[Exercise data Boundary: Start]
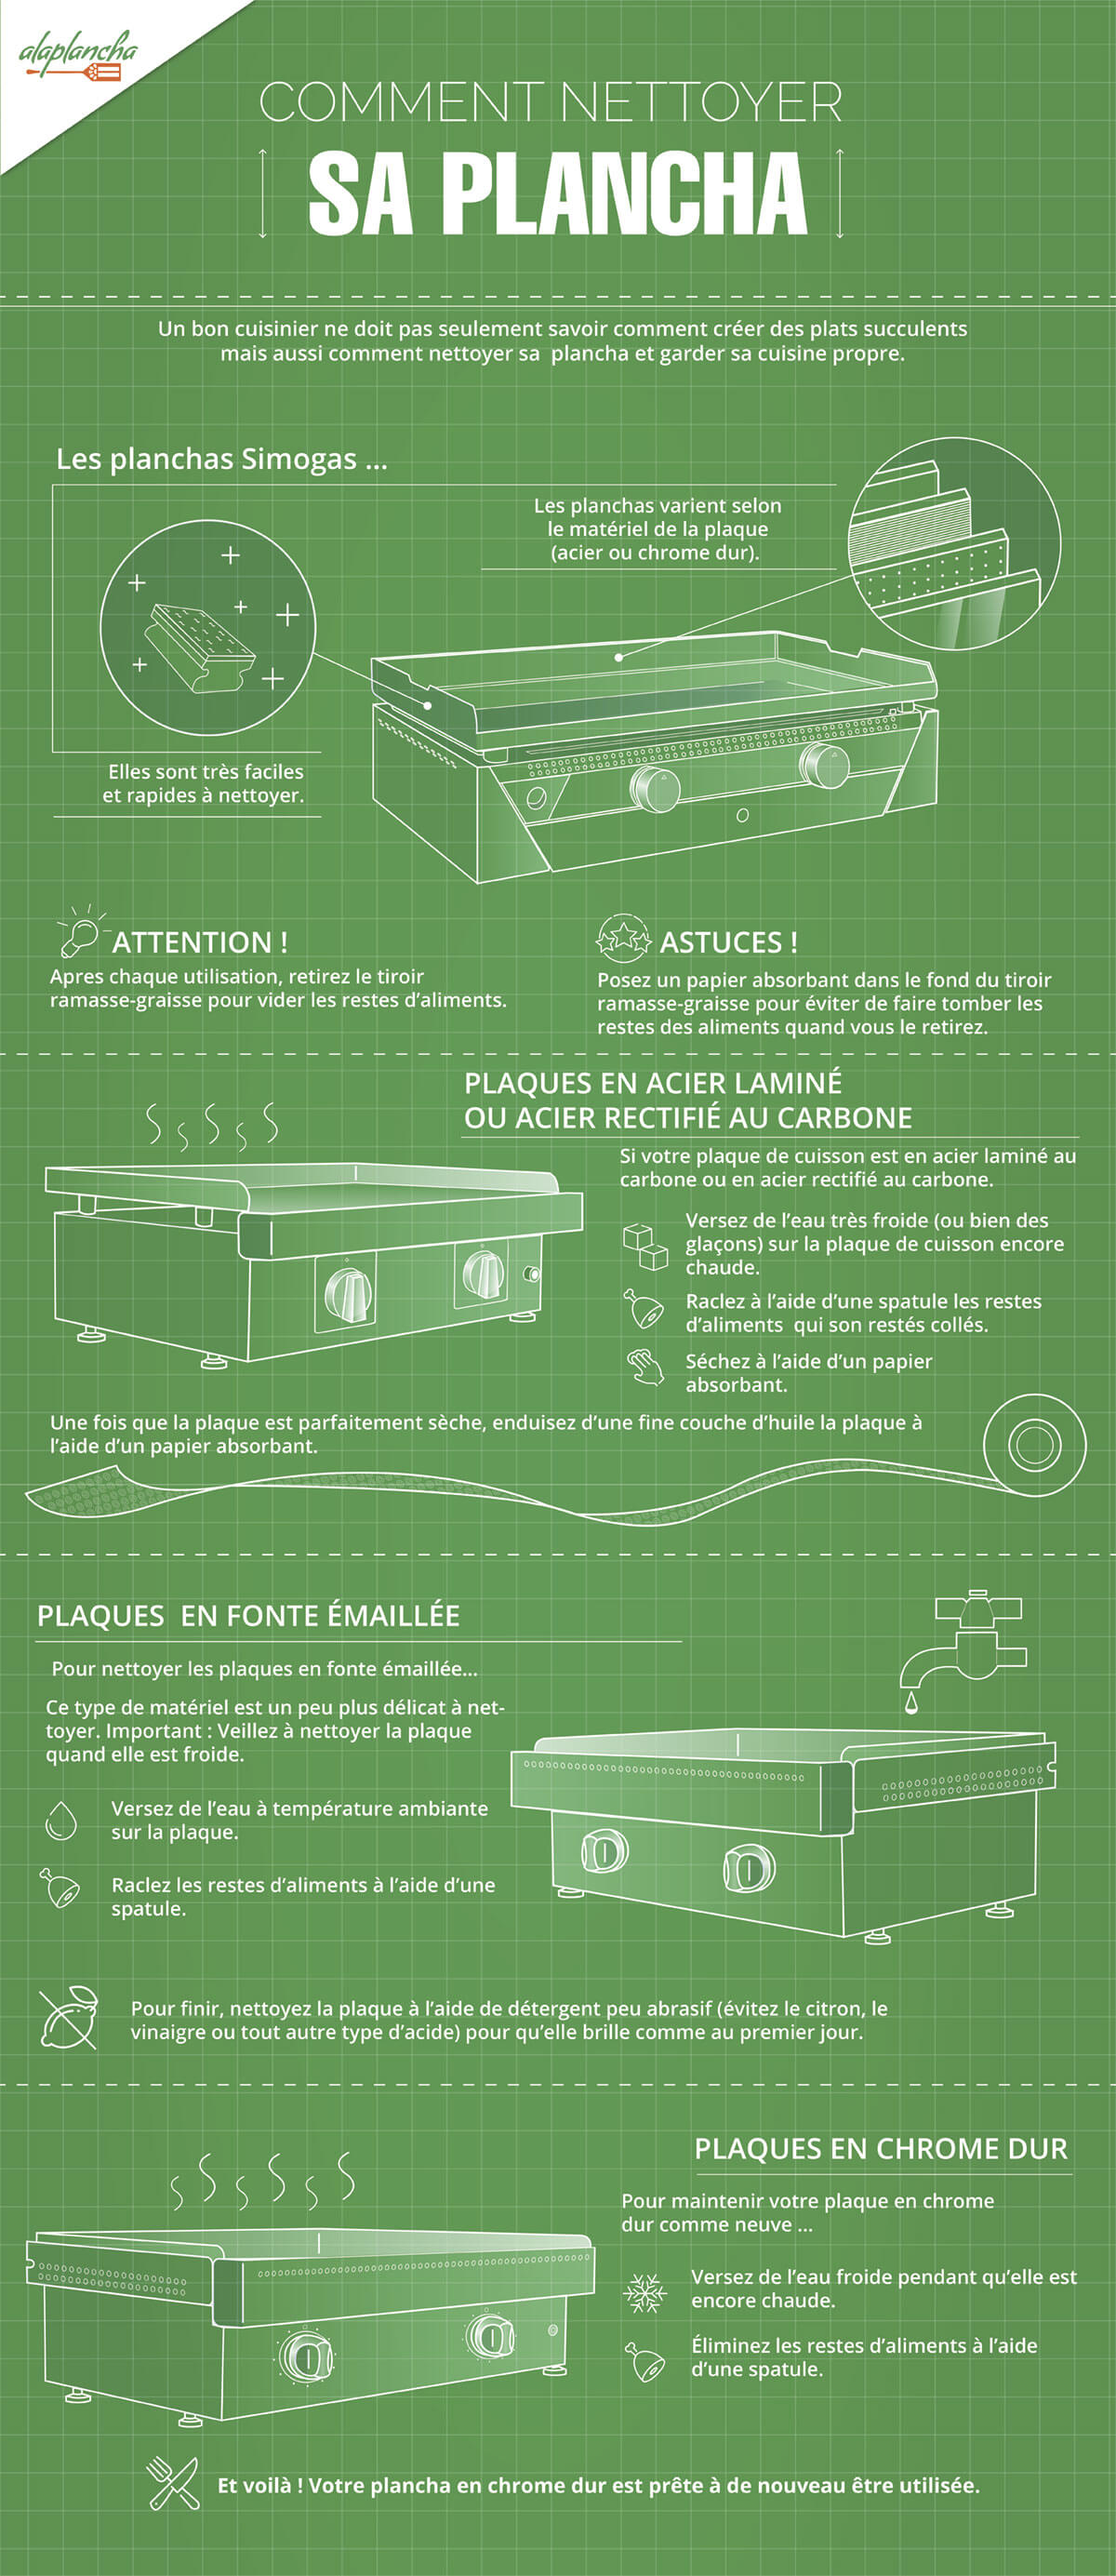 Comment nettoyer les planchas Simogas - Infografia
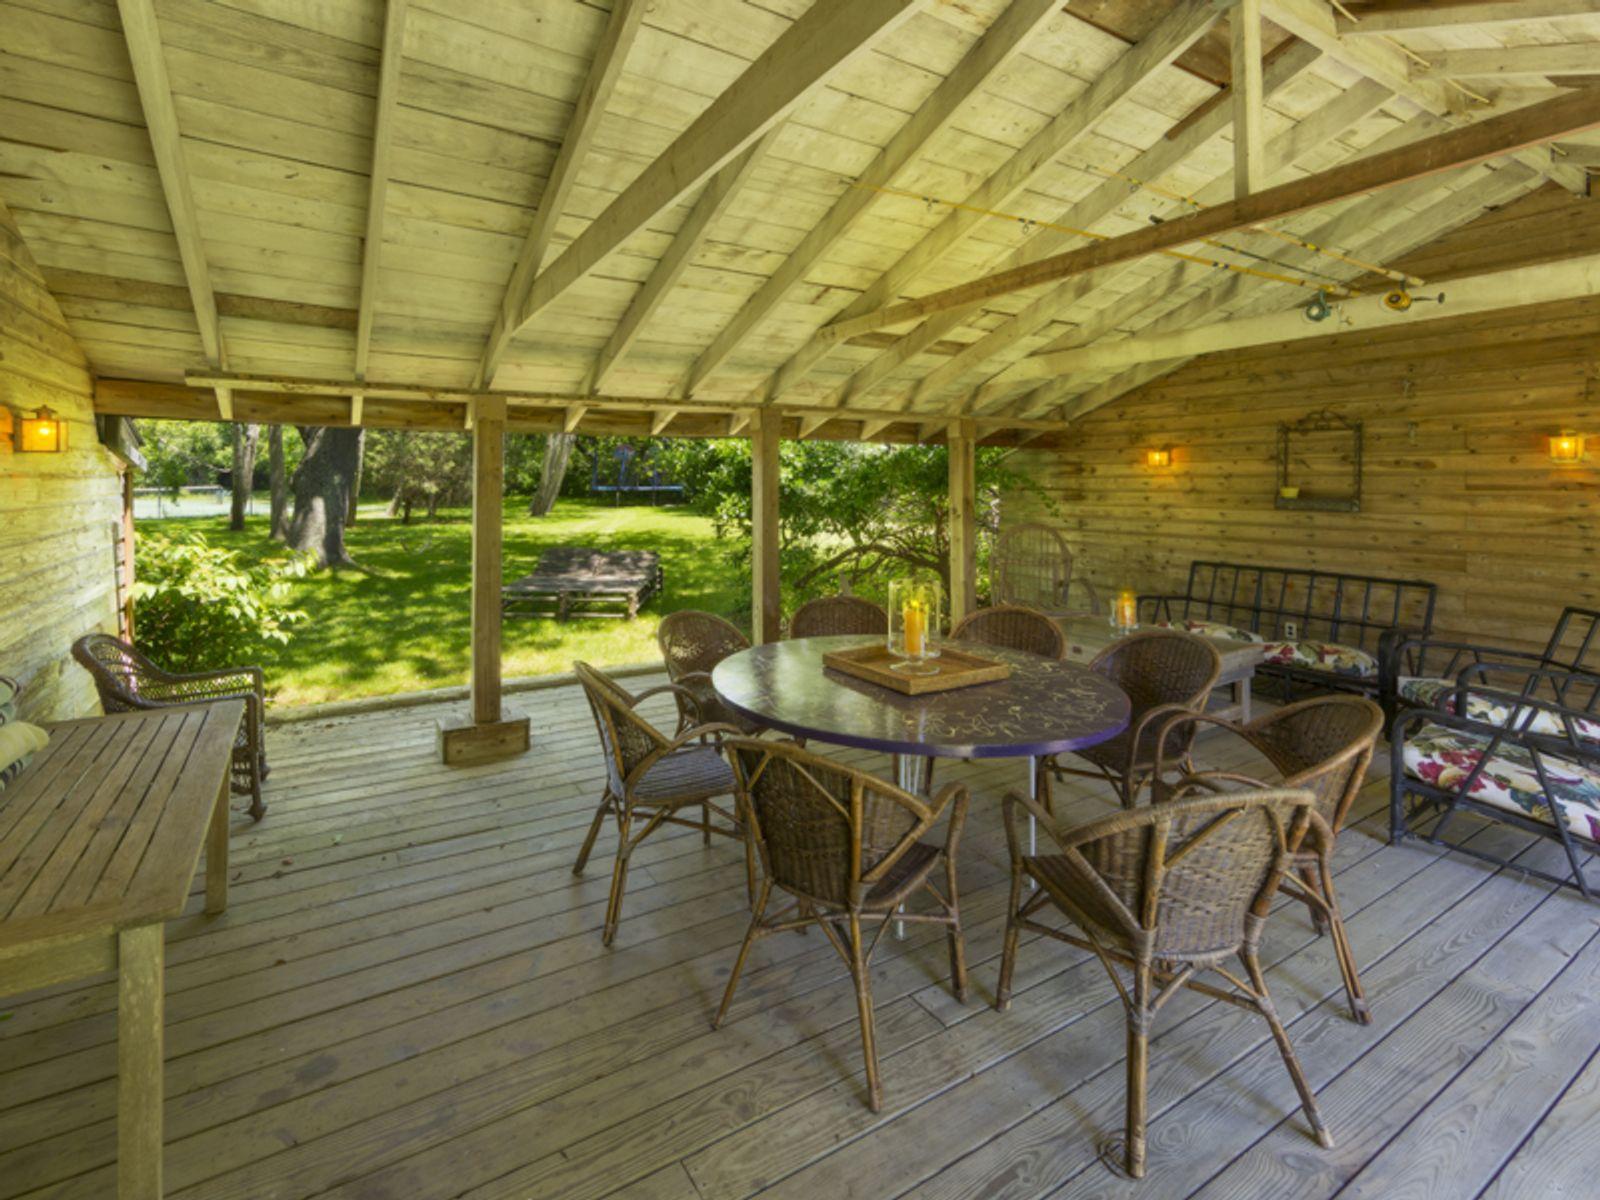 Green Top Farm: An Idyllic Retreat
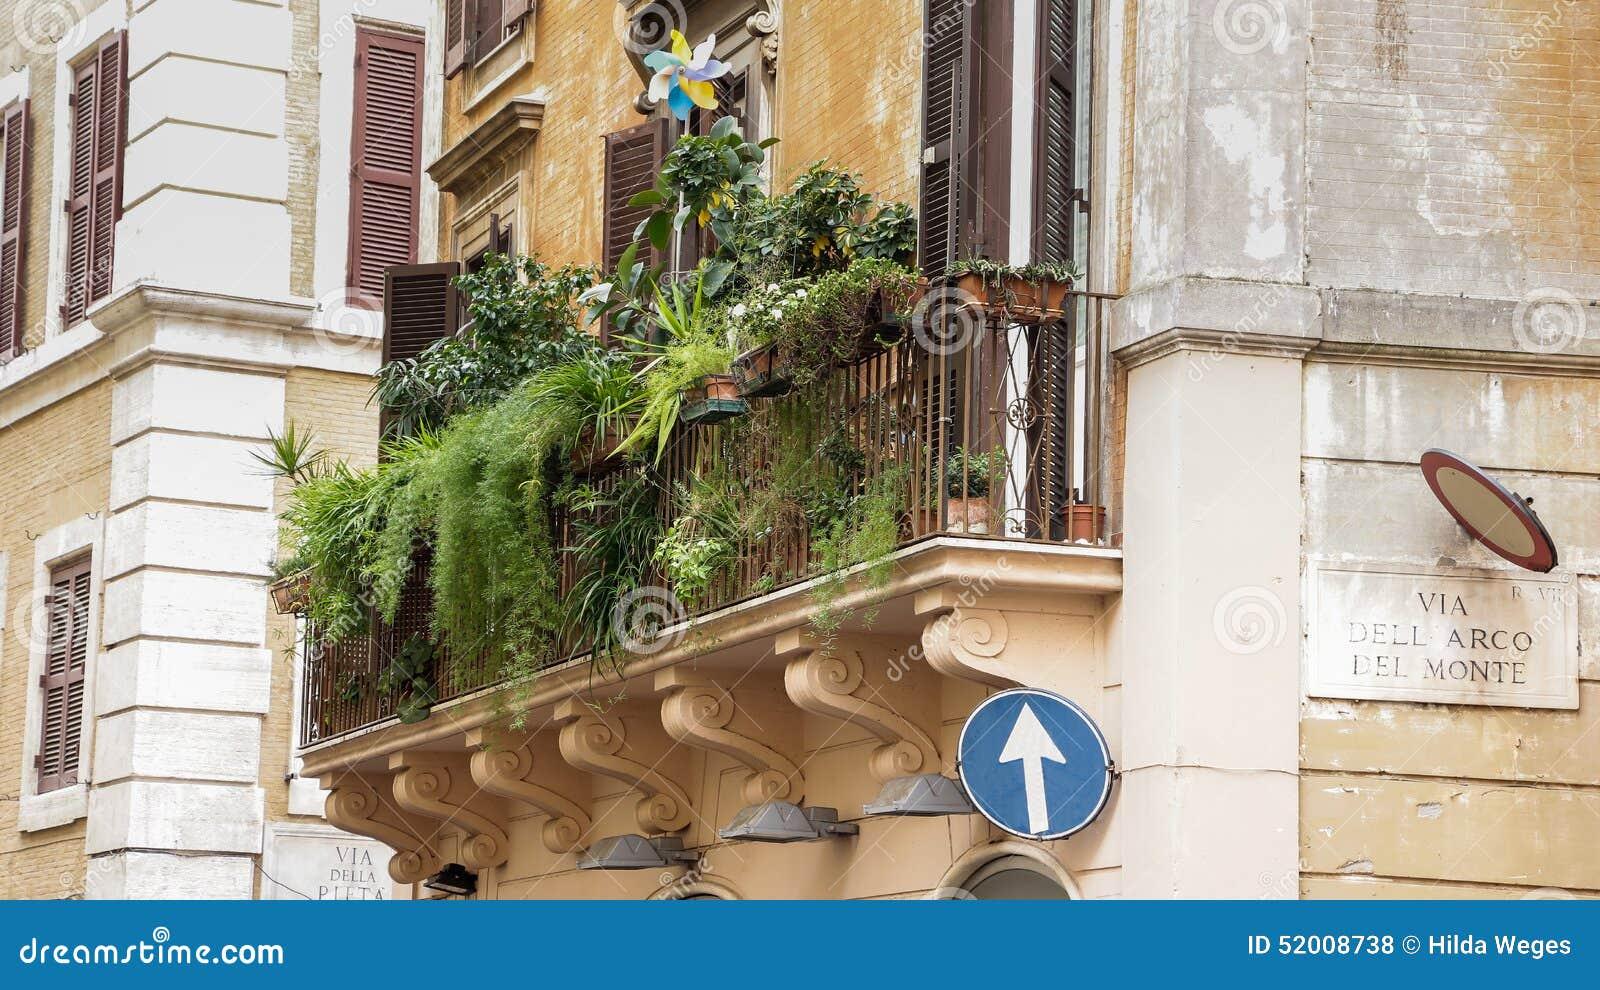 Apartment Balcony Flowers: Wonderful balcony garden ideas to bring ...
[Exercise data Boundary: End]
### What to work on
All of the material above must be retyped exactly, line for line, with the images dropped.

### Result
 Comment nettoyer les planchas Simogas - Infografia
 Green Top Farm: An Idyllic Retreat
 Apartment Balcony Flowers: Wonderful balcony garden ideas to bring ...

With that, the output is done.